--- START ---
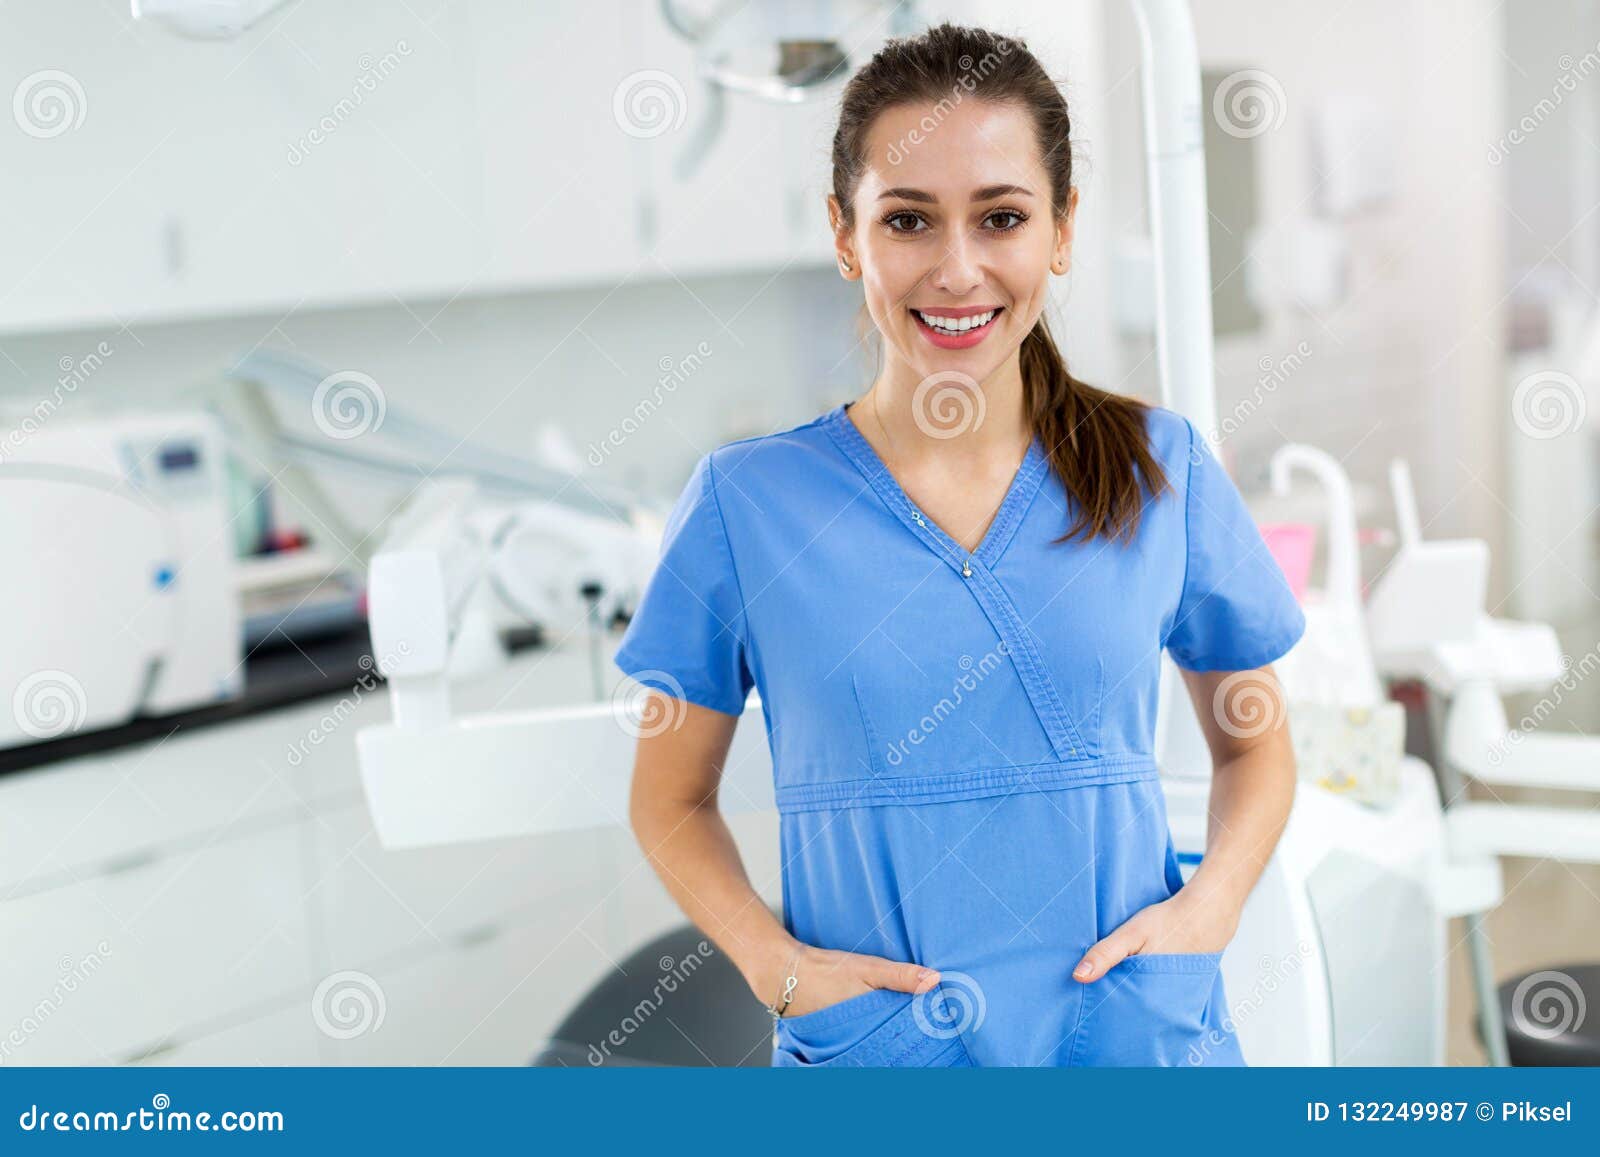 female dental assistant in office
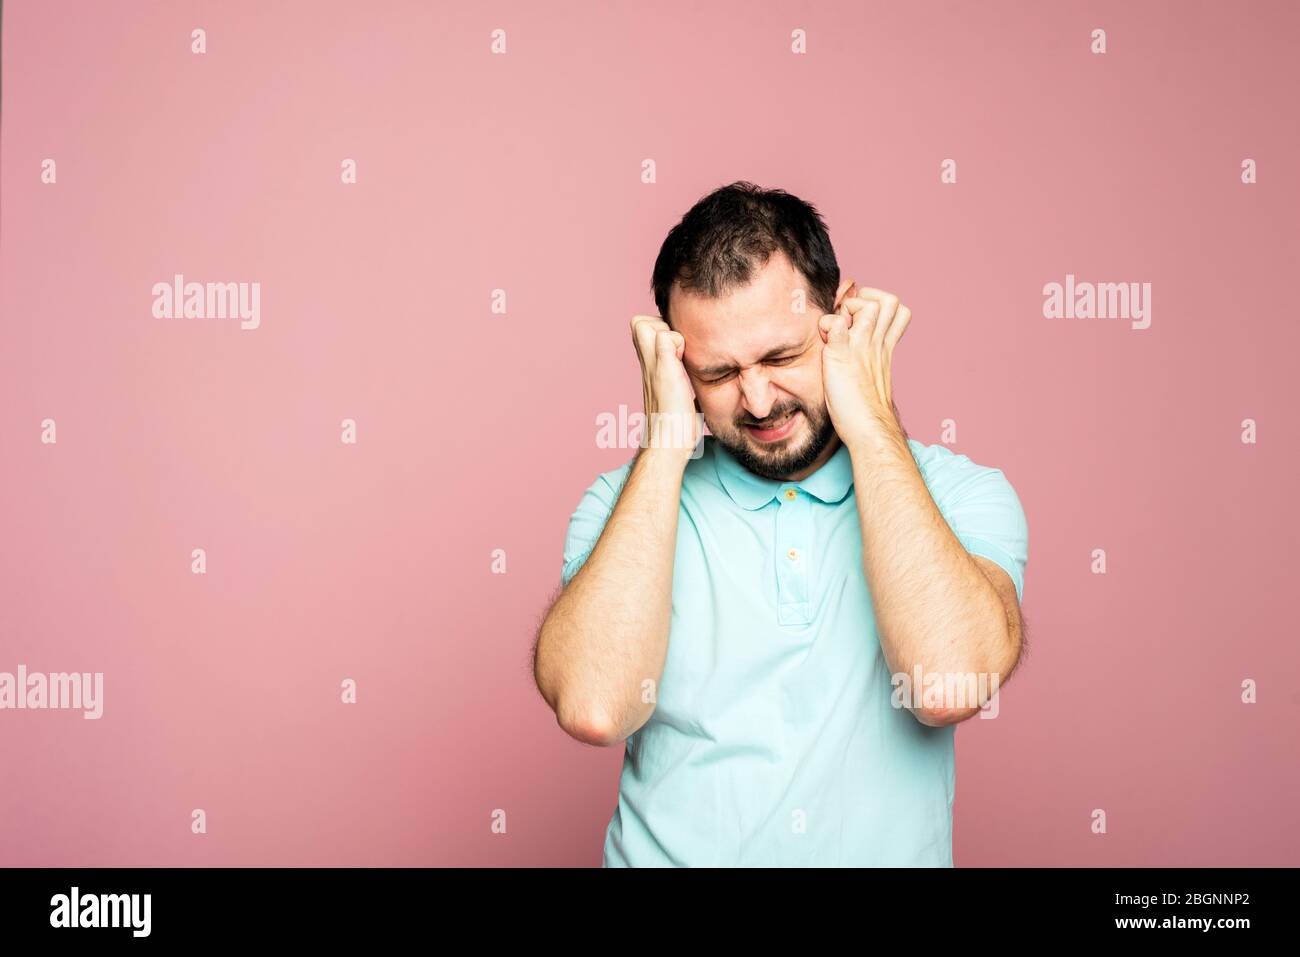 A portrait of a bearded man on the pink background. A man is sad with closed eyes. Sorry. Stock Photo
--- END ---
--- START ---
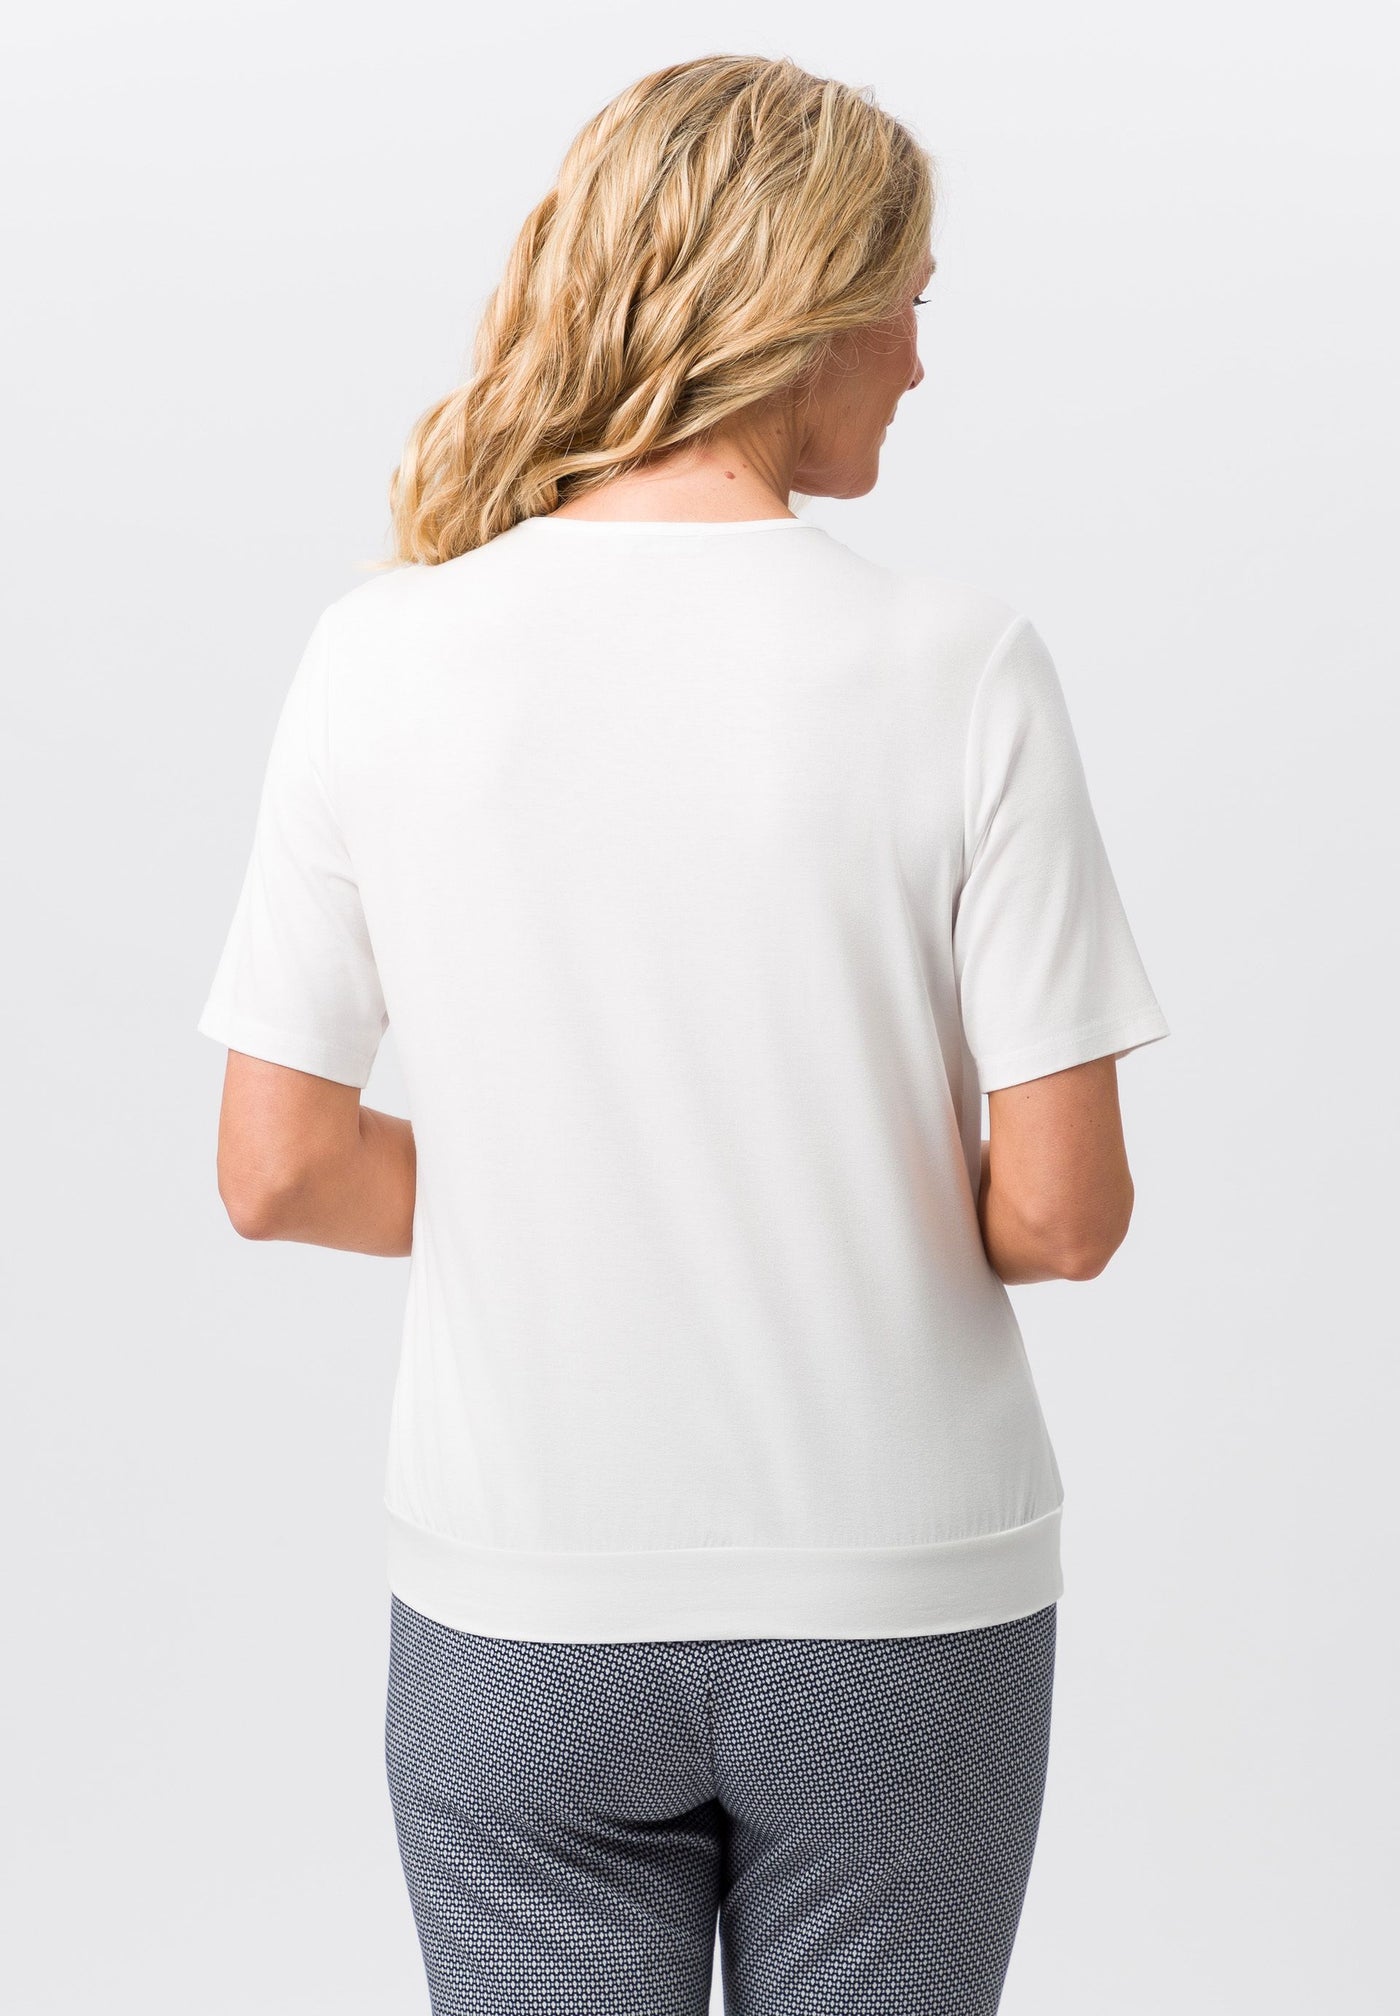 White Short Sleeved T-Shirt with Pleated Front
--- END ---
*Problem description*
"female dental assistant in office" marks the first line to copy, and "A portrait of" marks the last. Repeat that stretch above exactly, with no pictures.

*Expected answer*
 female dental assistant in office
 A portrait of a bearded man on the pink background. A man is sad with closed eyes. Sorry. Stock Photo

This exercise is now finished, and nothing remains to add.